Mitchell involved a direct appeal of a conviction under Hanover County Code § 15-2 which, like Walters’ two convictions, occurred after the recodification. The Mitchell panel reversed and dismissed Mitchell’s conviction, holding that Code § 15-2 remained invalid after the recodification because the county board failed to approve the amendment in the state code reference by ordinance as required by Code § 15.1-504. Mitchell, 1 Va. App. at 488-89, 340 S.E.2d at 174-75.

*265However, in the case now before us the Commonwealth makes a point which apparently was never raised or addressed in Mitchell. It argues that Code § 15-2 was valid at the time of Walters’ convictions by virtue of Code § 15.1-37.3, which states in pertinent part:

Any county, city or town may codify or recodify any or all of its ordinances .... Such ordinances may be changed, altered or amended by the governing body of the county, city or town and ordinances or portions thereof may be deleted and new material may be added by the governing body. Such changes, alterations, amendments or deletions and such new material shall become effective on the effective date of the codification or recodification.

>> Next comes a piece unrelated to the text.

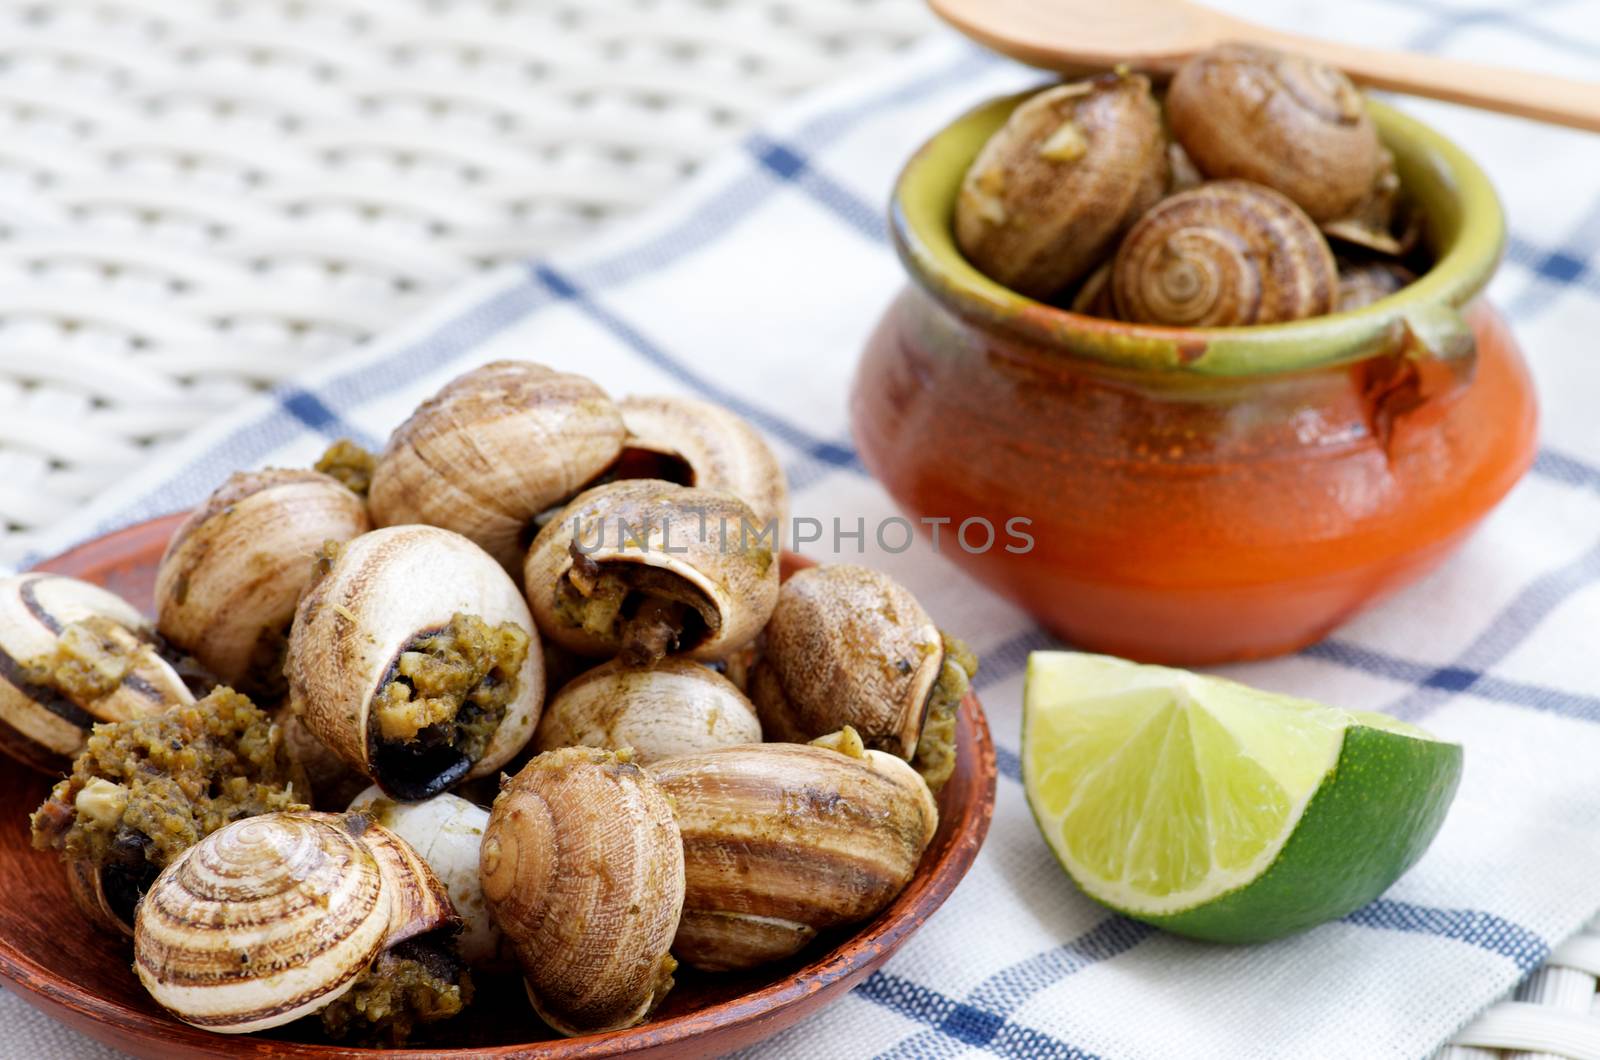 Snails with Garlic Butter by zhekos

Despite the existence of this statute, Walters asserts that Mitchell conclusively determined the invalidity of Code § 15-2 and all convictions under it. We disagree. Each panel of the Court of Appeals of Virginia hears and determines, independently of the others, the petitions for appeal and appeals granted in criminal cases and the other cases assigned to that panel. Code § 17-116.02(C). Thus, even if we concluded that the Mitchell case was indistinguishable from this case, the principle of stare decisis does not require that Mitchell control the disposition of this controversy. While we are not bound by the decision of another panel of this court,2 such decisions are highly persuasive. Cf. Dan River, Inc. v. Adkins, 3 Va. App. 320, 325, 349 S.E.2d 667, 670 (1986). Conflicting panel decisions of this court are resolved through the en banc hearing process. See Code § 17-116.03(D).

Even if we were bound by the Mitchell decision, we would not reach a contrary result in this case. Our Supreme Court made the following observation in dismissing an argument similar to the one Walters now makes:

The claim that the trial court had before it a similar case several years ago and decided that the tax was invalid compels a like decision here, is without merit. The record in the *266present case does not contain the complete record in the prior case. There is no record here of what facts or issues were presented and decided by the court in the former case. They may have been different from those appearing here.

Home Brewing Co. v. City of Richmond, 181 Va. 793, 799, 27 S.E.2d 188, 191 (1943).

Similarly, Walters did not make the complete record of Mitchell a part of the record in the trial court. We have only the published Mitchell opinion, from which we must conclude, since there is no mention of Code § 15.1-37.3, that the statute’s effect was not considered. Accordingly, based upon the evidence before us in this case, we hold that Walters has not proved that Hanover County Code § 15-2 was void at the time of Walters’ two convictions. Because the courts had jurisdiction over the actions and the parties, and the proceedings were regular, their judgments are not subject to collateral attack. See Cottrell v. Reams, 151 Va. 773, 784, 145 S.E. 317, 320 (1928); Eagle, Star & British Dominions Ins. Co. v. Heller, 149 Va. 82, 102, 140 S.E. 314, 320 (1927). Morse v. Commonwealth, 6 Va. App. 466, 468, 369 S.E.2d 863, 864 (1988). The adjudication of Walters as an habitual offender is affirmed.

Affirmed.

Baker, J., and Duff, J., concurred.

Virginia Code § 15.1-132 gives local governments power concurrent with the state to pass laws against driving under the influence of alcohol or drugs.

The general rule in the Fourth Circuit Court of Appeals is that one panel cannot overrule another panel. Principles of stare decisis require that one panel be bound by the decisions of other panels. Derflinger v. Ford Motor Co., 866 F.2d 107, 117 (1989).